From the Guidelines
Elevated ferritin levels require treatment only when associated with iron overload conditions, and the primary treatment is phlebotomy to achieve a target ferritin level of 50-100 lg/L. The approach to managing elevated ferritin levels depends on the underlying cause, and treatment is necessary when hyperferritinemia is associated with iron overload conditions like hereditary hemochromatosis 1. According to the 2011 practice guideline by the American Association for the Study of Liver Diseases, patients with hemochromatosis and iron overload should undergo therapeutic phlebotomy weekly to achieve a target ferritin level of 50-100 lg/L 1.
Key Considerations
- The decision to treat elevated ferritin levels depends on the presence of iron overload and the underlying cause of hyperferritinemia.
- Phlebotomy is the primary treatment for hereditary hemochromatosis, with a target ferritin level of 50-100 lg/L 1.
- In the absence of indicators suggestive of significant liver disease, C282Y homozygotes with elevated ferritin levels (<1000 lg/L) can proceed to phlebotomy without a liver biopsy 1.
- Patients with end-organ damage due to iron overload should undergo regular phlebotomy to the same endpoints as indicated above 1.
Treatment Approach
- Phlebotomy is the primary treatment for iron overload conditions, with a target ferritin level of 50-100 lg/L 1.
- Dietary adjustments are unnecessary during treatment, and vitamin C supplements and iron supplements should be avoided 1.
- Patients with hemochromatosis and iron overload should be monitored for reaccumulation of iron and undergo maintenance phlebotomy 1.
From the FDA Drug Label
Deferasirox tablets therapy should only be considered when a patient has evidence of chronic transfusional iron overload. The evidence should include the transfusion of at least 100 mL/kg of packed red blood cells (e.g., at least 20 units of packed red blood cells for a 40 kg person or more in individuals weighing more than 40 kg), and a serum ferritin consistently greater than 1000 mcg/L If the serum ferritin falls below 1000 mcg/L at 2 consecutive visits, consider dose reduction, especially if the deferasirox tablets dose is greater than 17.5 mg/kg/day If the serum ferritin falls below 500 mcg/L, interrupt deferasirox tablets therapy and continue monthly monitoring.
Elevated ferritin levels require treatment when they are consistently greater than 1000 mcg/L in patients with chronic transfusional iron overload. The treatment goal is to reduce serum ferritin levels to a target range, and the minimum effective dose of deferasirox should be used to achieve this goal 2.
- Key points to consider:
- Serum ferritin levels should be monitored monthly to assess the need for treatment and to adjust the dose of deferasirox.
- Treatment should be interrupted if serum ferritin levels fall below 500 mcg/L.
- The dose of deferasirox should be reduced or interrupted if serum ferritin levels fall below 1000 mcg/L at two consecutive visits 2.
From the Research
Elevated Ferritin Levels and Treatment
Elevated ferritin levels can be caused by various conditions, including iron overload, inflammation, and malignancy 3, 4, 5, 6, 7. The need for treatment depends on the underlying cause of the elevated ferritin level.

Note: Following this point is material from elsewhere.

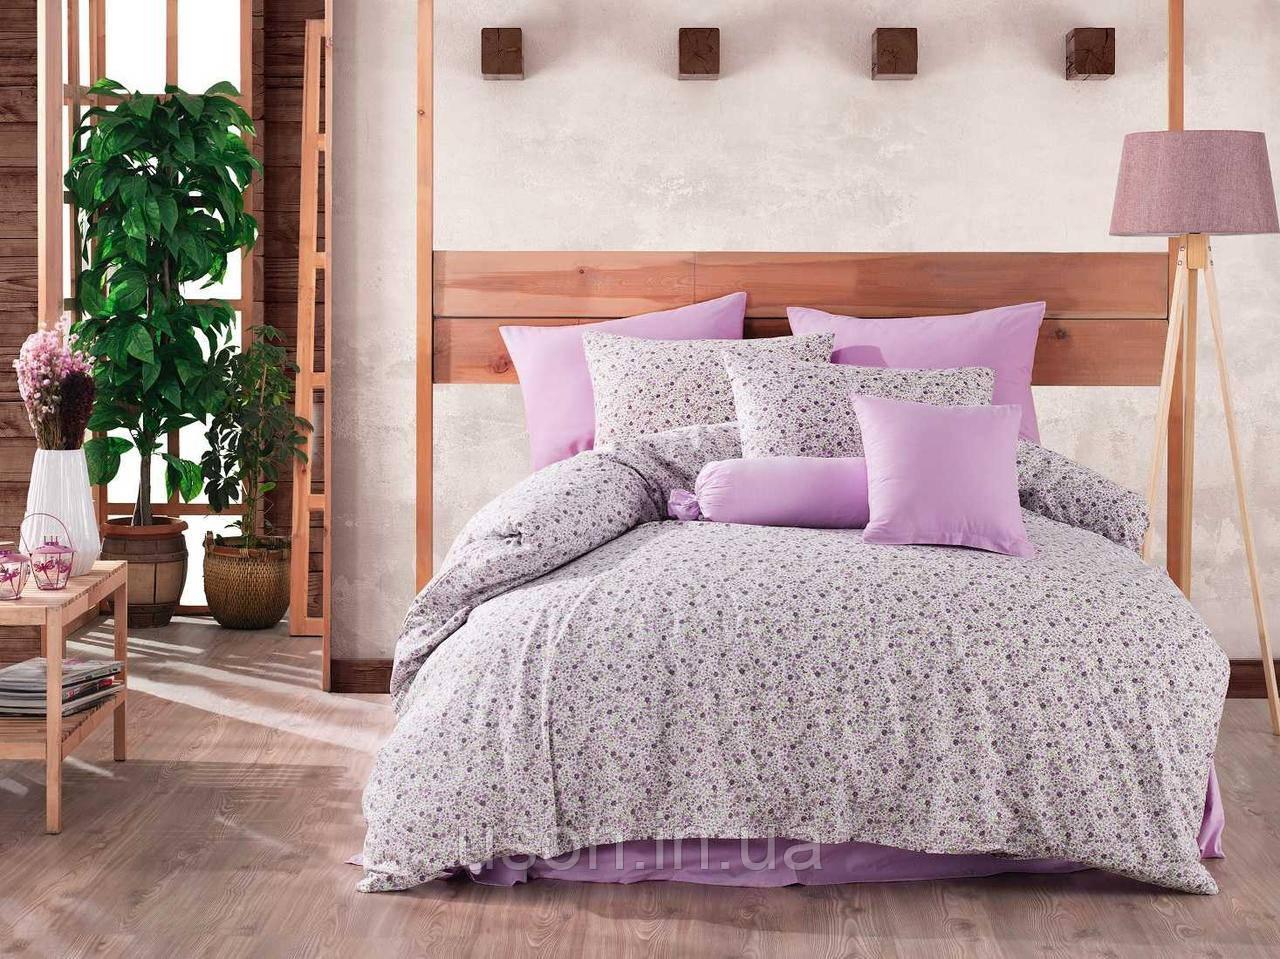 Комплект постельного белья ранфорс ТМ Majoly 200*220   Lily Lilac

Conditions Requiring Treatment
- Iron overload syndromes, such as hereditary hemochromatosis, may require treatment with venesection or chelation therapy 4, 5.
- Dysmetabolic iron overload syndrome (DIOS) or alcohol-related hemosiderosis can be treated with venesection in selected cases if there is a significant deposition of iron in the liver on MRI 4.

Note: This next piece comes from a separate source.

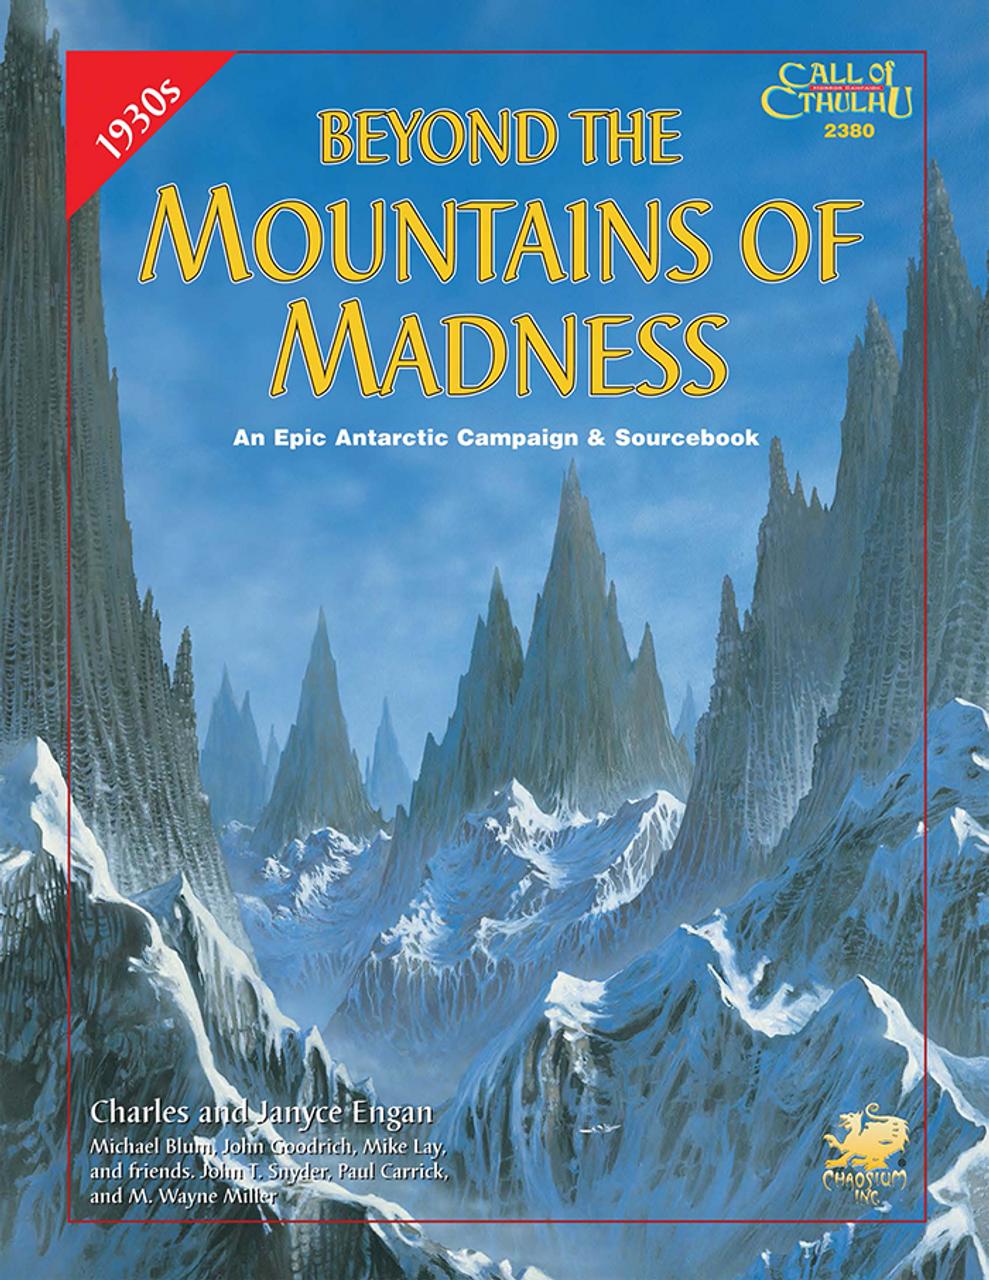 Äventyrskampanjen Beyond the Mountains of Madness

- Hemophagocytic lymphohistiocytosis/macrophage activation syndrome (HLH/MAS) is a medical emergency that requires prompt diagnosis and treatment 7.
Diagnostic Approach
- A full clinical examination, measurement of waist circumference, and simple biological tests, including transferrin saturation, can help determine the underlying cause of hyperferritinemia 4, 5.
- Magnetic resonance imaging (MRI) can be used to assess iron content in the liver and guide treatment decisions 4, 5.

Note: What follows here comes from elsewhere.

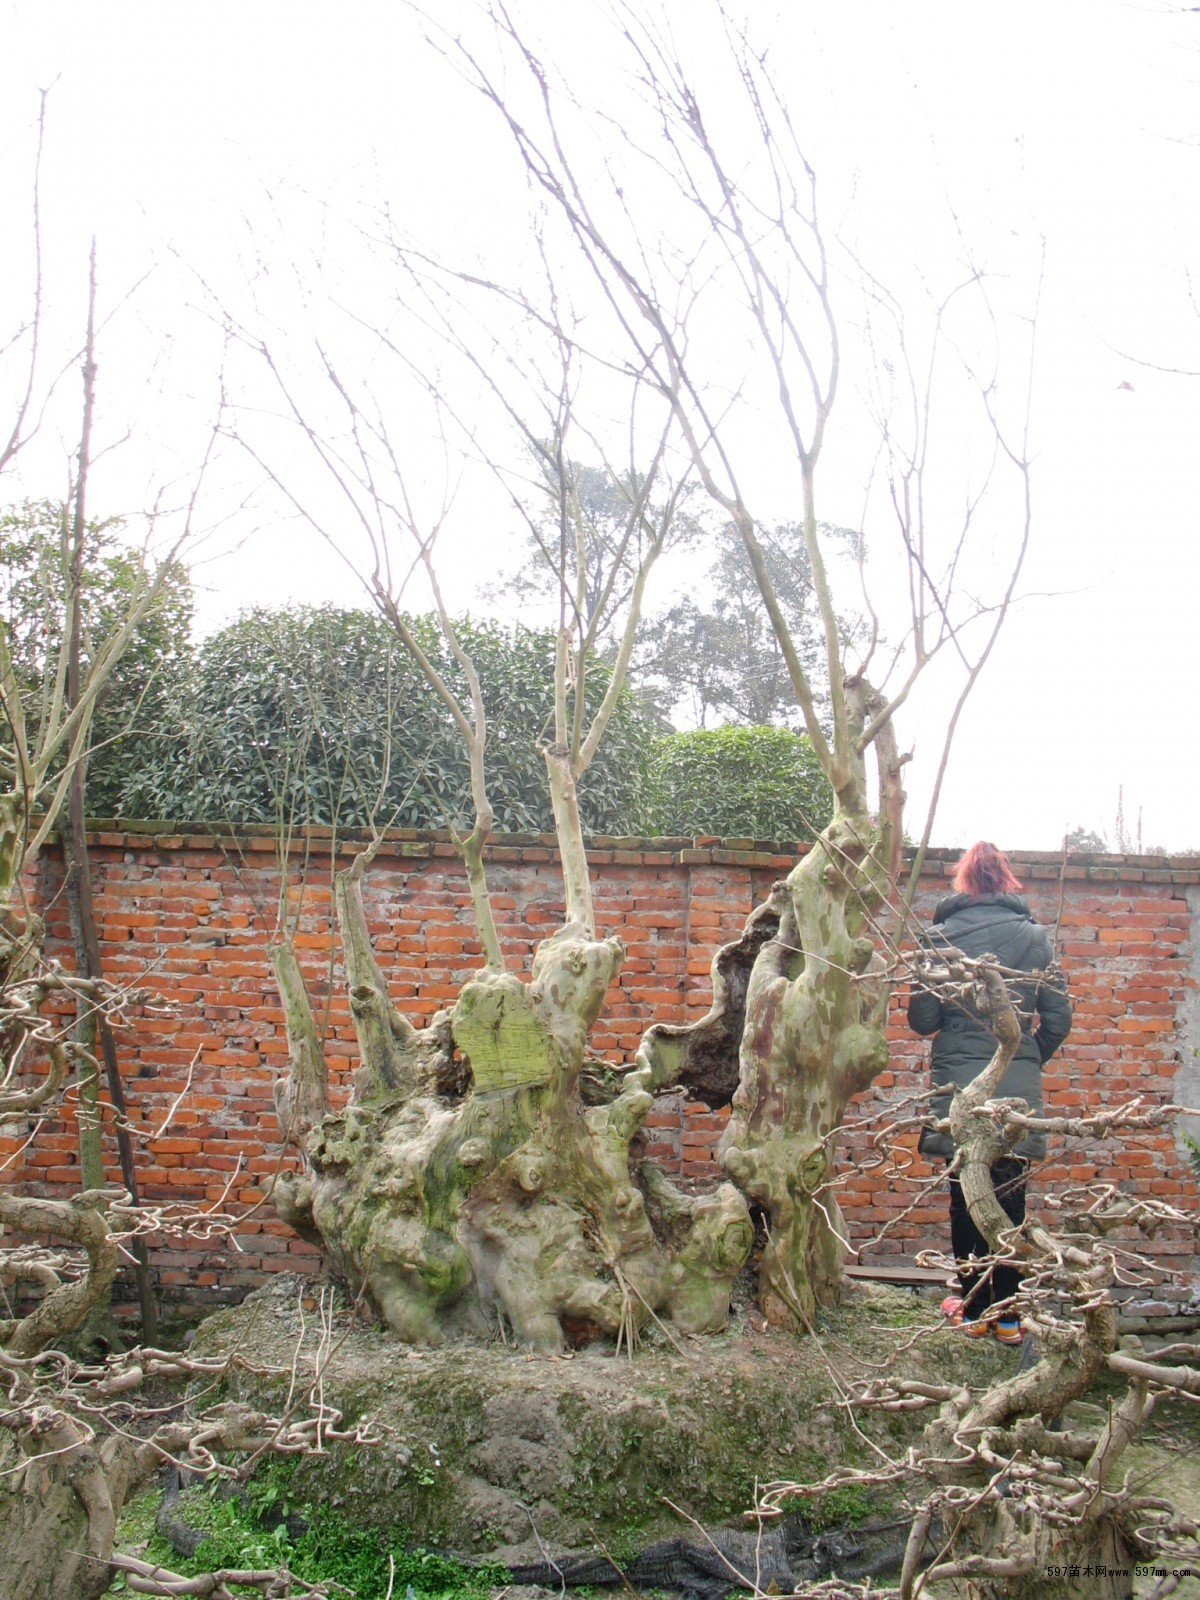 供应红花紫薇盆景造型树桩编排 亭子排方花瓶柱子

- An algorithm for the investigation of hyperferritinemia can facilitate diagnosis and management in both primary and inpatient care 4, 6.
Treatment Principles
- Treatment of iron overload typically involves reducing iron stores through venesection or chelation therapy 5.
- Chelators, such as deferasirox, may be used in iron overload associated with anemia 5.
- Deferoxamine (parenteral route) is the treatment of choice for severe iron overload or emergency conditions 5.